> Assignment
From the listing below, output the lines between the one with "Palocci diz que" and the one with "金色 秋天 飘零 落叶 秋季 金秋 树叶 叶子 黄色 金色叶子 黄色叶子 飘落 零落", including those two, and nothing else. Pictures are not copied.

> Input records

- - - - - - -

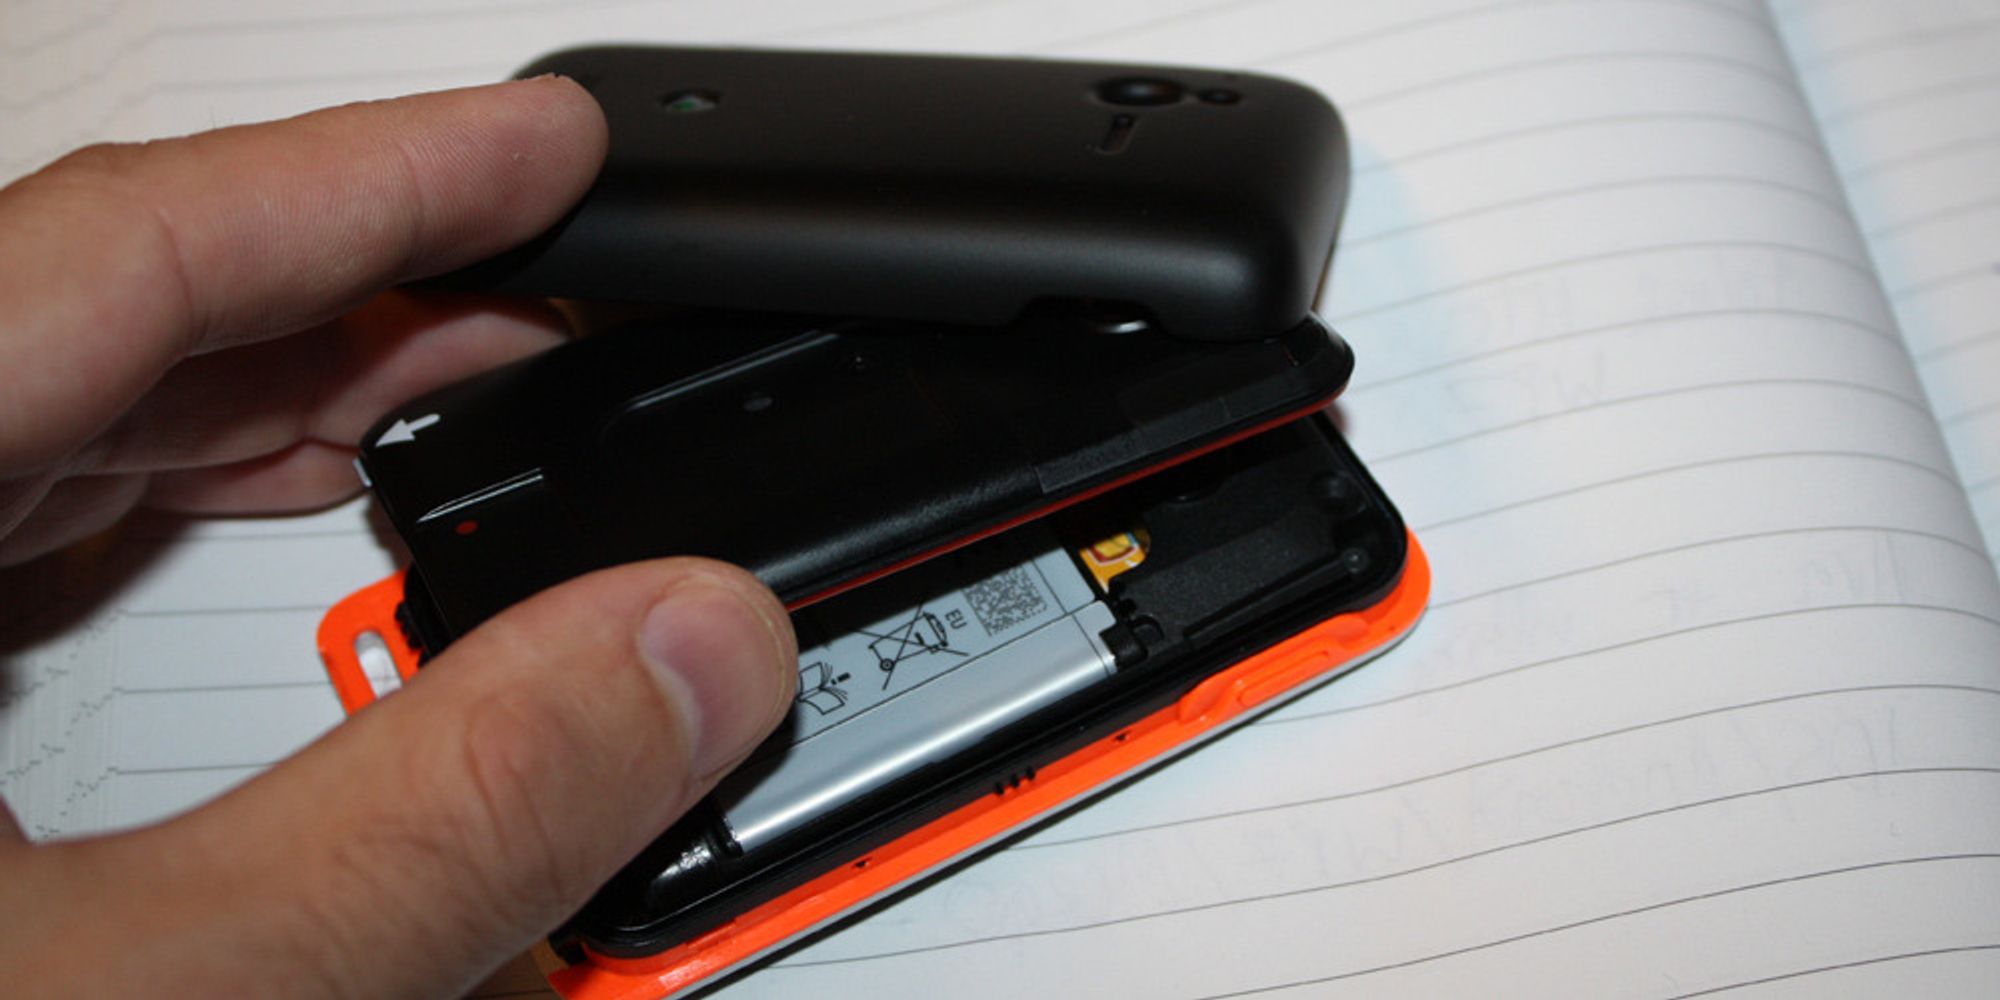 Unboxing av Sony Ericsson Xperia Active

- - - - - - -

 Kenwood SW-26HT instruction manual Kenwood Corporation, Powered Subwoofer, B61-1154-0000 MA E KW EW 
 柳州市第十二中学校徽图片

- - - - - - -

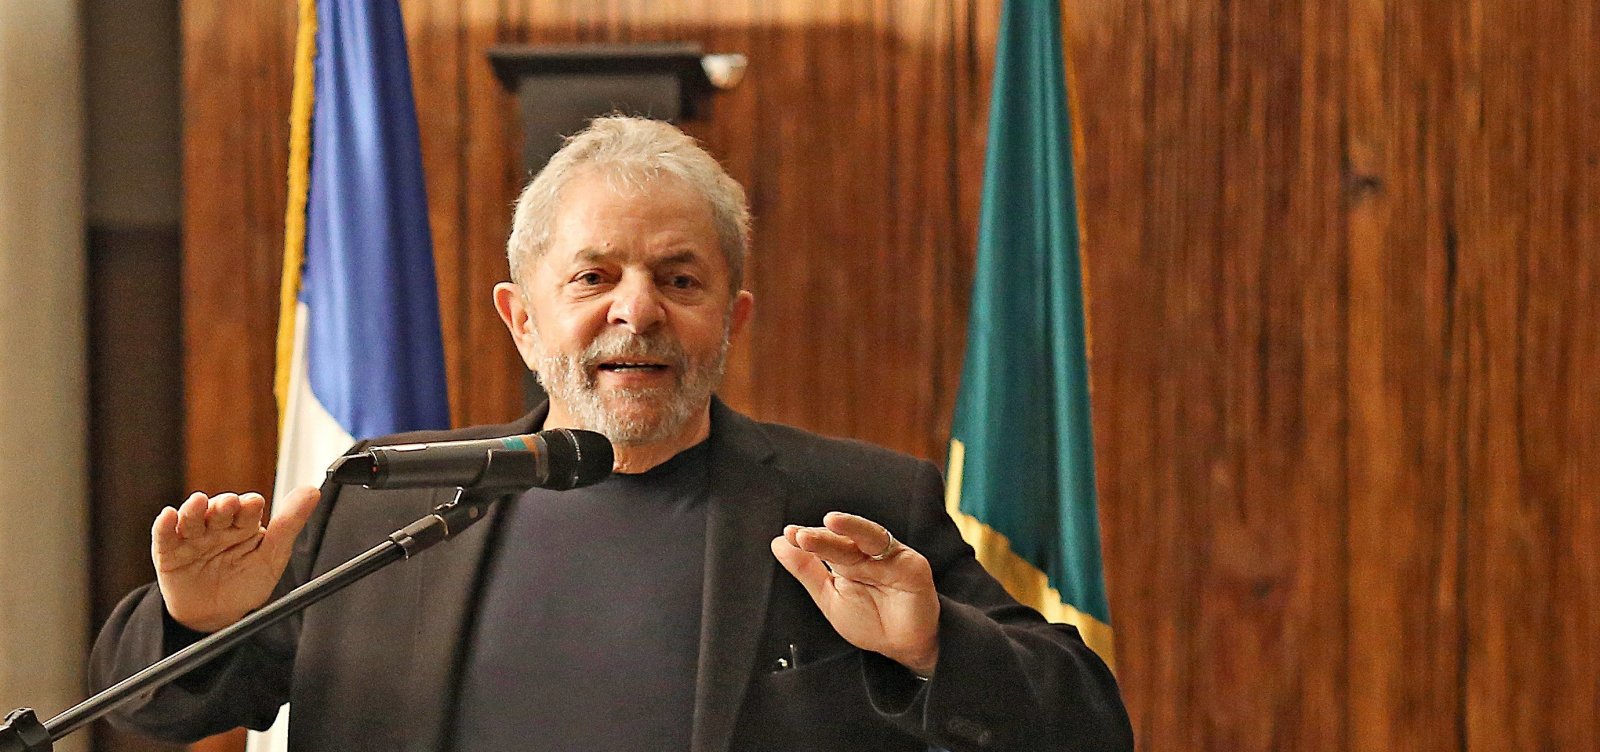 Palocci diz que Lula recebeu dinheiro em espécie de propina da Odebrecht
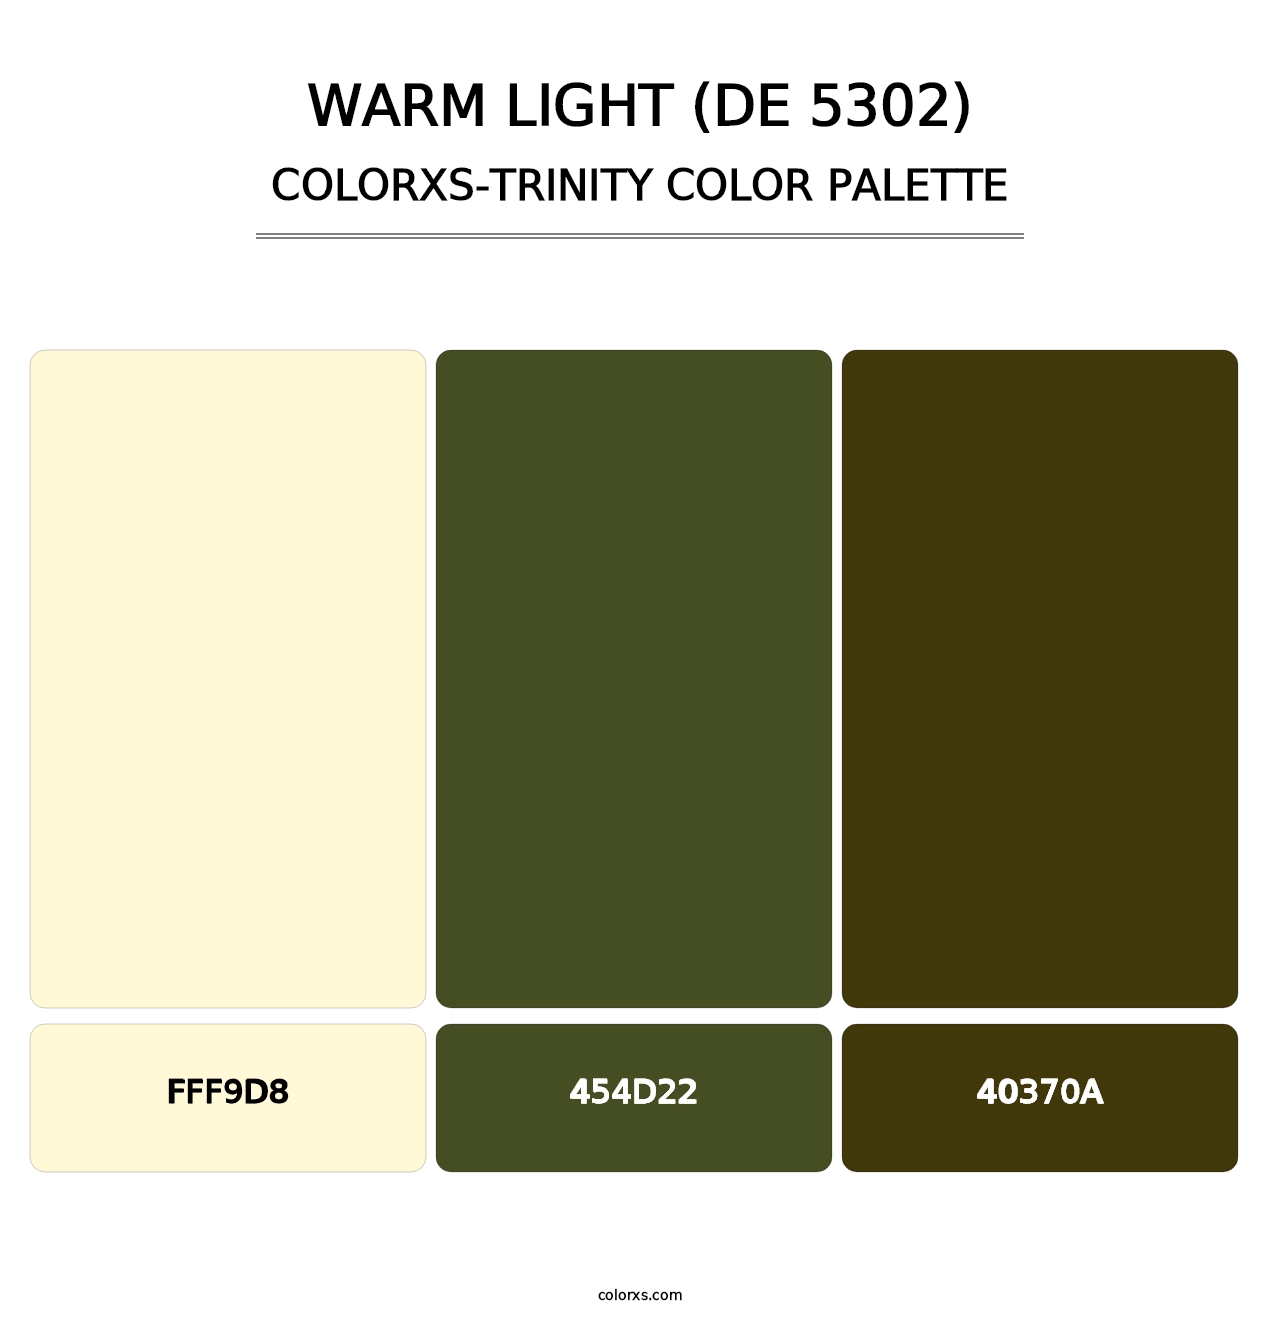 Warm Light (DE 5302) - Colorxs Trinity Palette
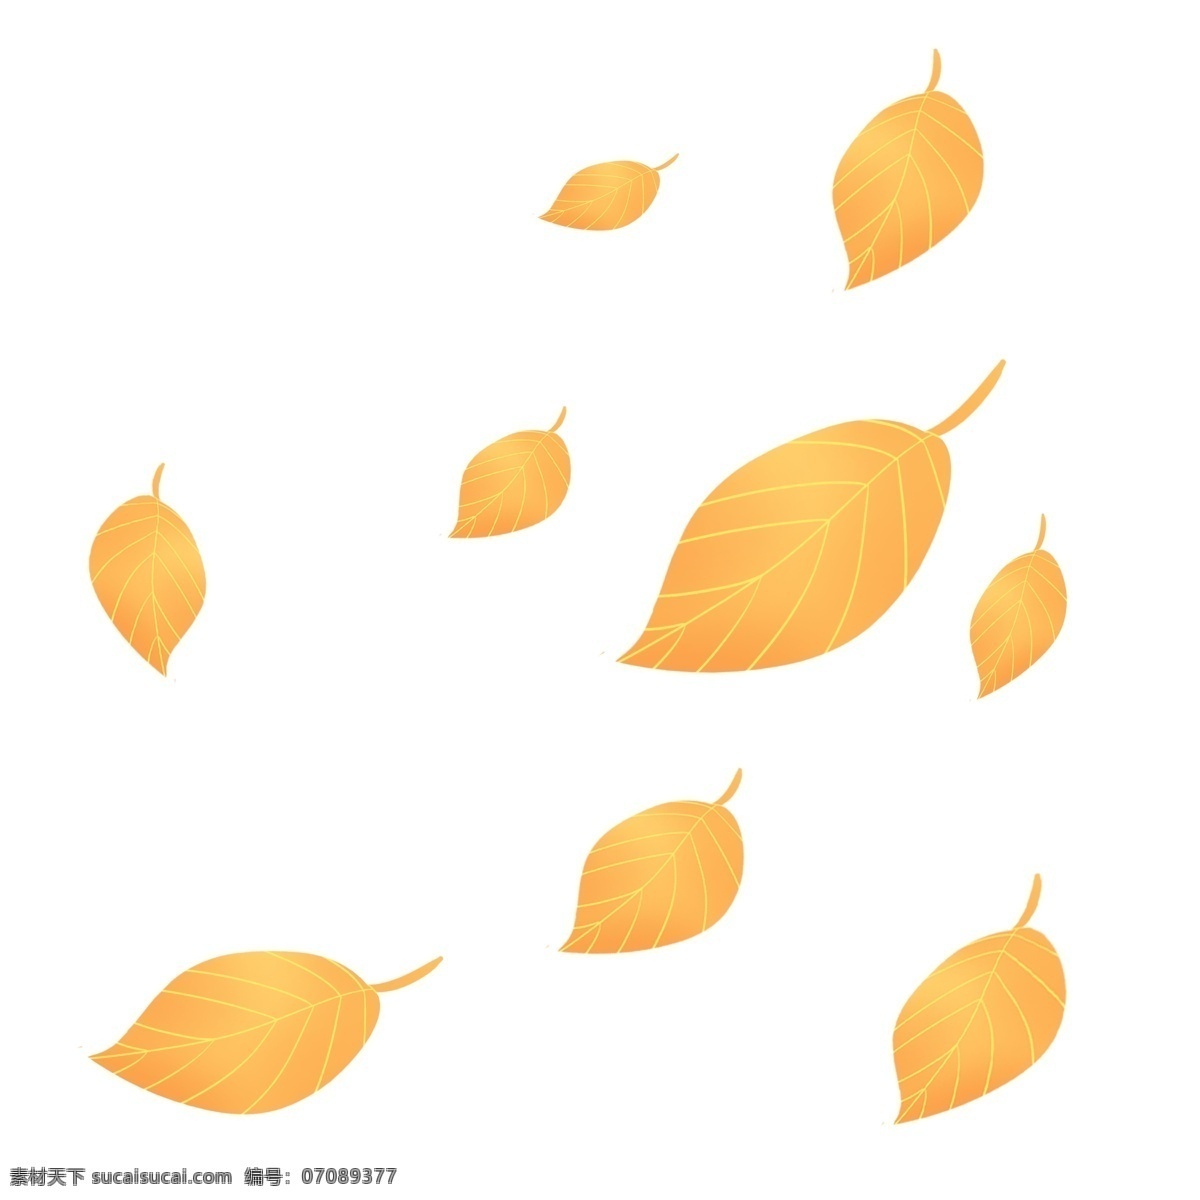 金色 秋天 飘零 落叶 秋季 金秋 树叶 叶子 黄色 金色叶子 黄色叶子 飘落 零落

- - - - - - -

> Problem solution
 Palocci diz que Lula recebeu dinheiro em espécie de propina da Odebrecht
 Warm Light (DE 5302) - Colorxs Trinity Palette
 金色 秋天 飘零 落叶 秋季 金秋 树叶 叶子 黄色 金色叶子 黄色叶子 飘落 零落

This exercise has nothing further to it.